The decision has sparked the biggest protests seen in Ukraine in a decade and a sharp East-West verbal tussle reminiscent of the Cold War era.

Grybauskaite said the EU's dozen newer member states from central and eastern Europe had tried but failed to convince Yanukovych that they had made vital political and economic progress after striking similar deals with the bloc.

In the case of such deals, the EU provides grants and aid to help countries step up to the political and economic standards of the 500-million bloc, the world's largest market.
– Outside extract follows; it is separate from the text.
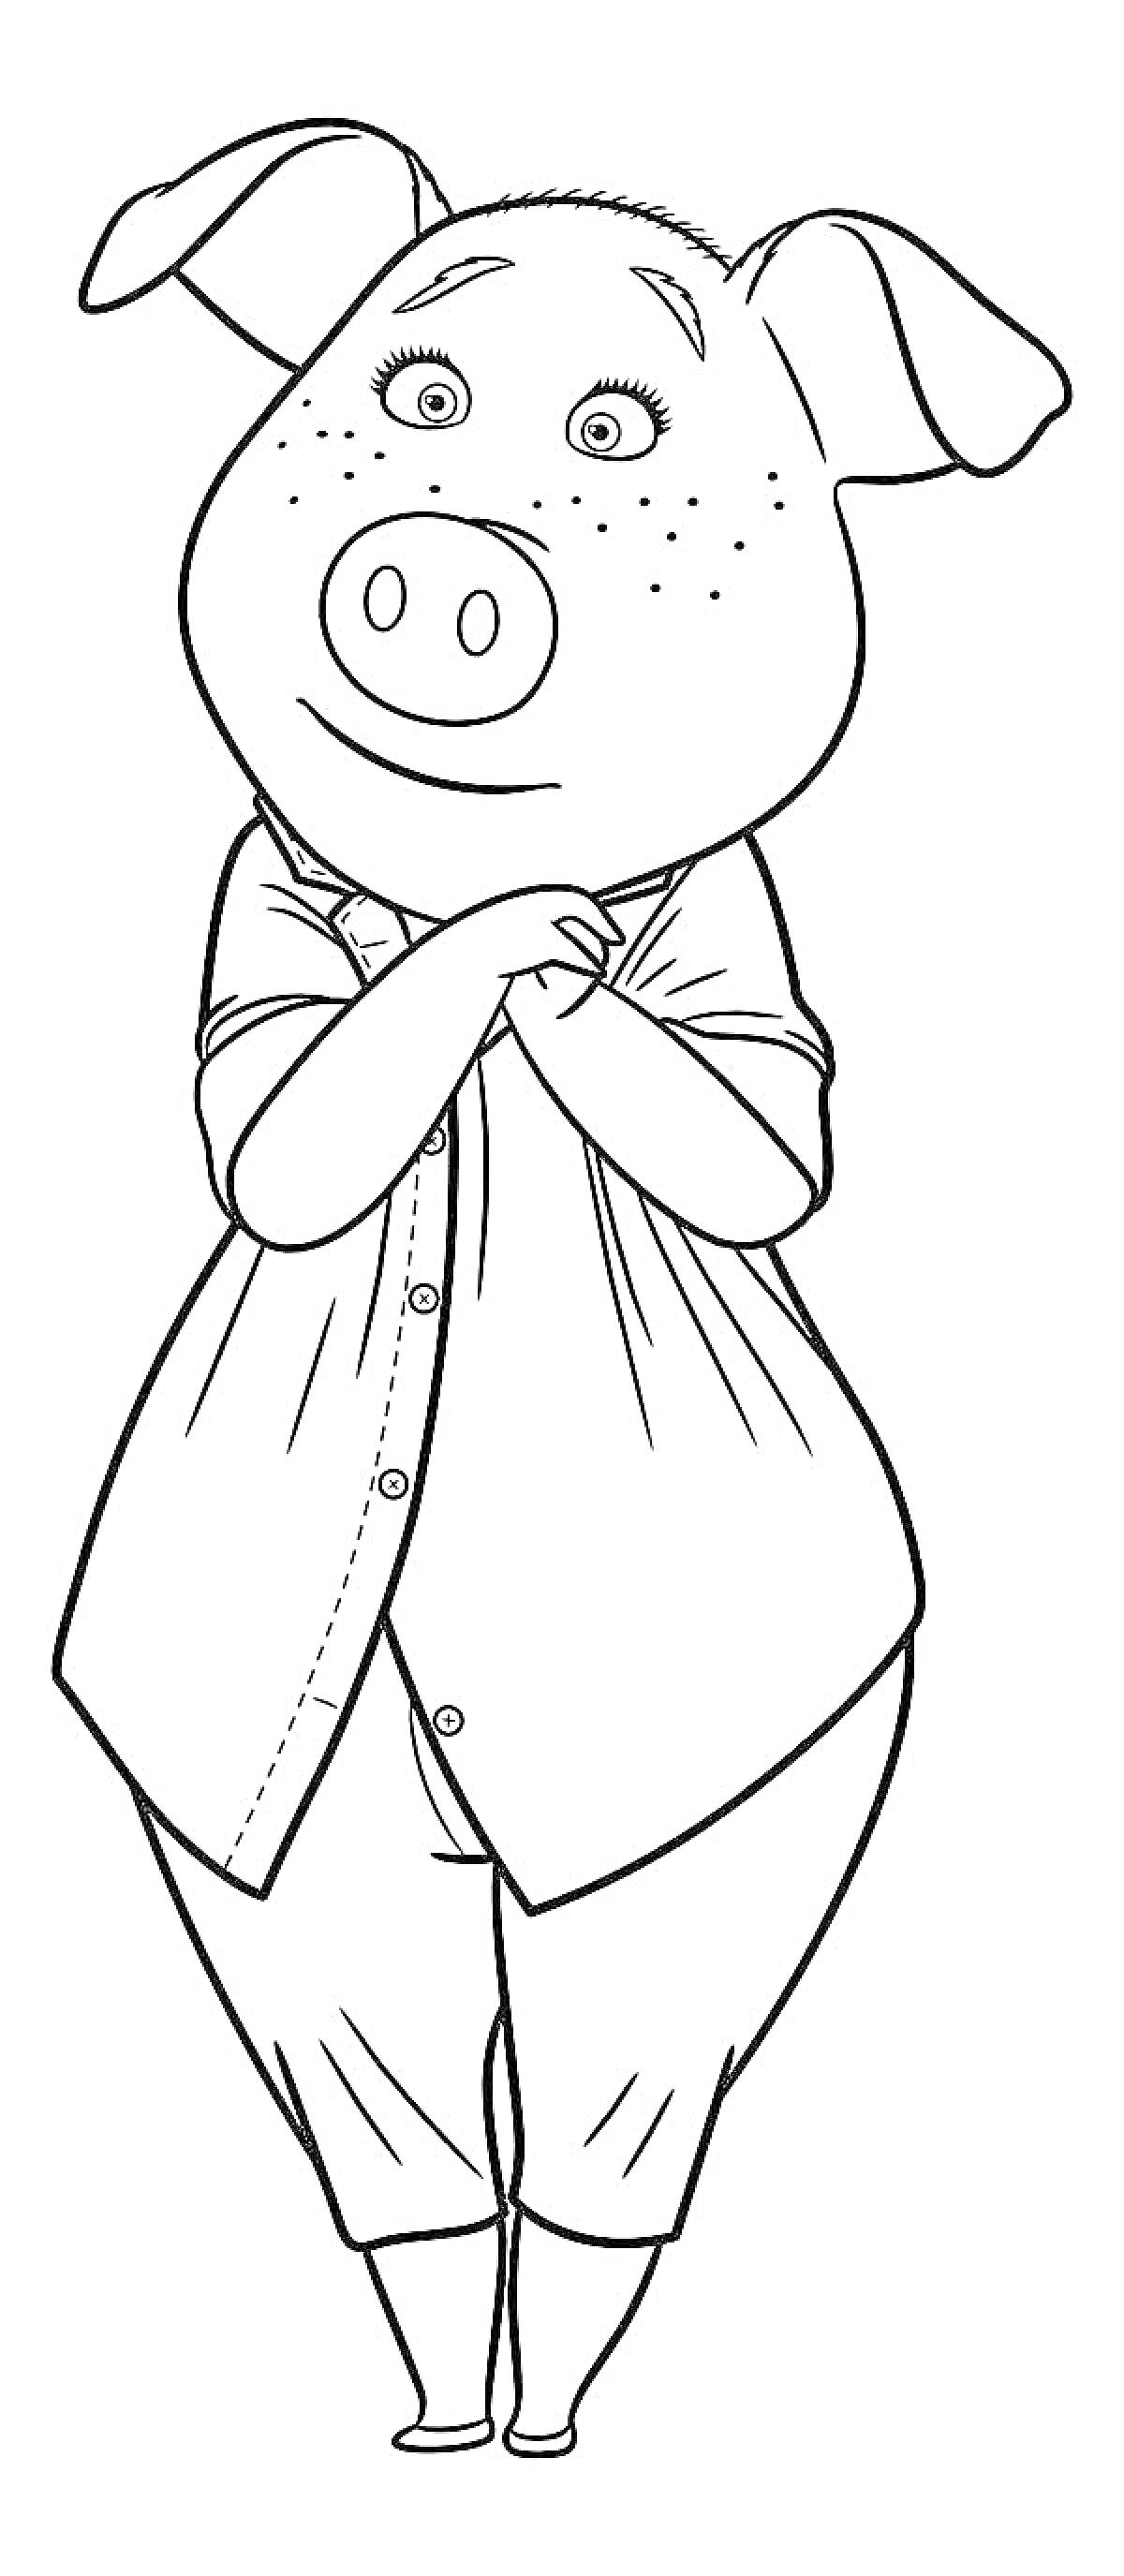 Раскраска Свинка в одежде из мультфильма

As pro-EU Ukrainians took to the streets demanding Yanukovych side with the West and turn away from Moscow, even his arch-foe, jailed former premier Yulia Tymoshenko, said she would rather stay behind bars than see the country go East.

EU nations for their part had partly conditioned the deal to her being allowed to go abroad for medical treatment.

Her daughter Euguenia told AFP that if Yanukovych "fails to sign the agreement tomorrow, we cannot predict how people will react."

Keen to show Moscow's former communist satellites in Eastern Europe that the summit matters, almost all EU leaders were attending the two-day talks, including the "Big Three" of Britain, France and Germany.